Antiresonance-Like Behavior in Carrier-Envelope-Phase-Sensitive Optical-Field Photoemission from Plasmonic Nanoantennas (1810.07744v1)

Abstract: Given the quasi-static nature of optical-field emission and the nontrivial dependence of the emission rate on the instantaneous electric field strength, the CEP-sensitive component of the emitted photocurrent is highly sensitive to the energy of the optical pulse, and should carry information about the underlying sub-cycle dynamics of electron emission. Here we examine CEP-sensitive photoemission from plasmonic gold nanoantennas excited with few-cycle optical pulses of increasing energy. We observe antiresonance-like features in the CEP-sensitive photocurrent; specifically, at a critical pulse energy, we observe a sharp dip in the magnitude of the CEP-sensitive photocurrent accompanied by a sudden shift of {\pi}-radians in the phase of the photocurrent.
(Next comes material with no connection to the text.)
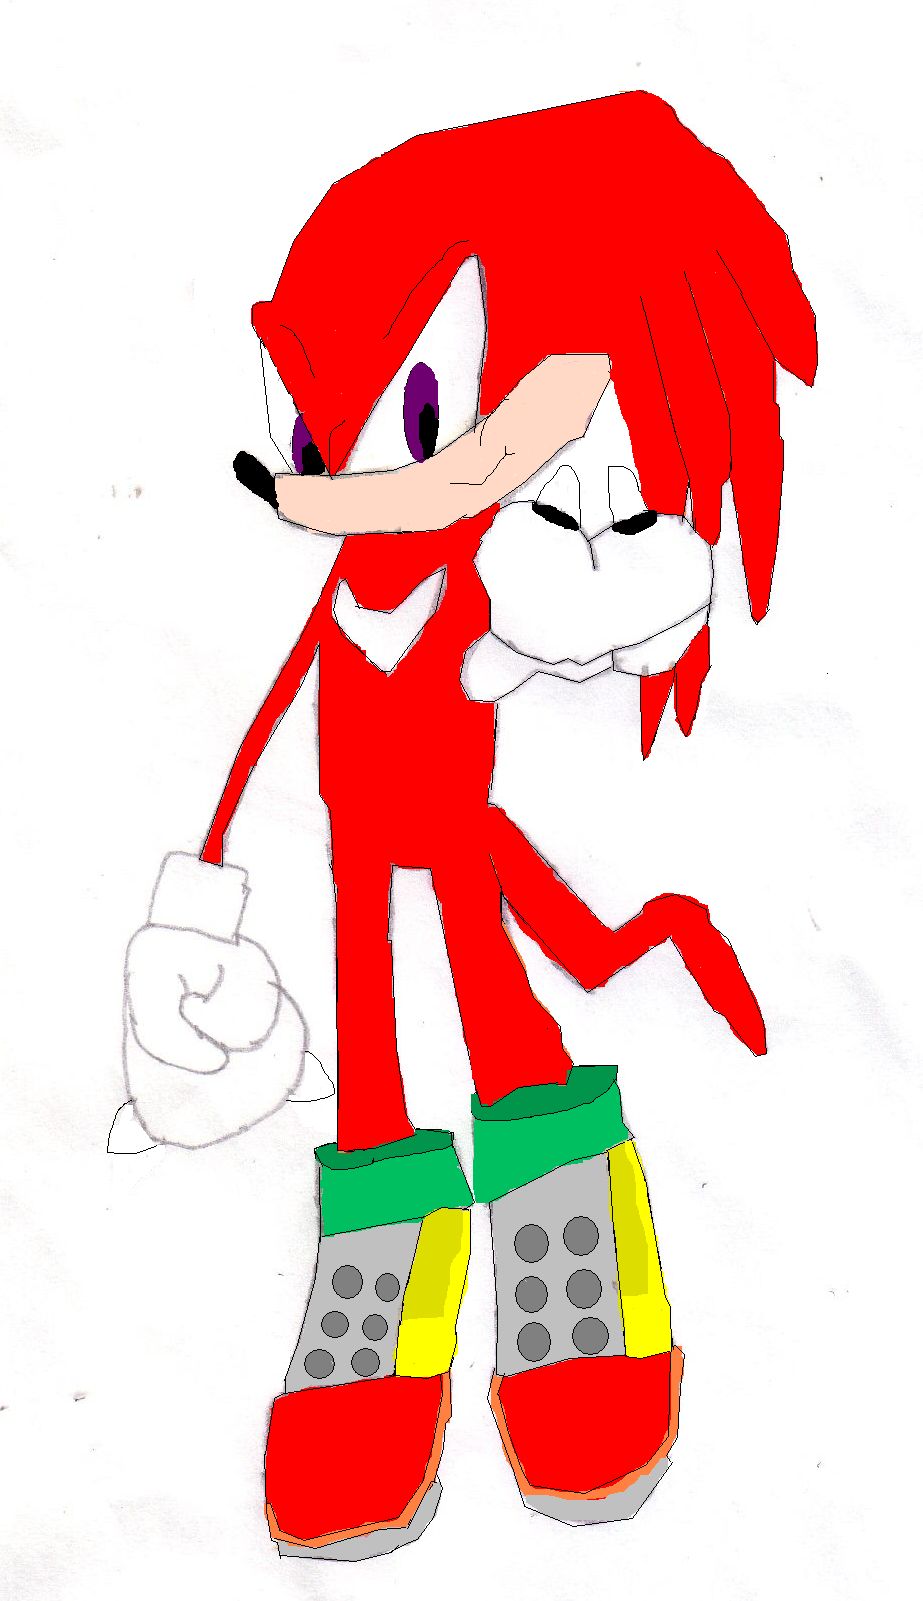 Knuckles The Echidna in a Cool Pose by ginathehedgehog

Using a quasi-static tunneling emission model, we find that these antiresonance-like features arise due to competition between electron emission from neighboring optical half-cycles, and that they are highly sensitive to the precise shape of the driving optical waveform at the surface of the emitter. As the underlying mechanisms that produce the antiresonance-like features are a general consequence of nonlinear, field-driven photoemission, the antiresonance-like features could be used to probe sub-optical-cycle, sub-femtosecond emission processes, not only from solid-state emitters, but also from gas-phase atoms and molecules. Beyond applications in the study of ultrafast, field-driven electron physics, an understanding of these antiresonance-like features will be critical to the development of novel photocathodes for future time-domain metrology and microscopy applications that demand both attosecond temporal and nanometer spatial resolution.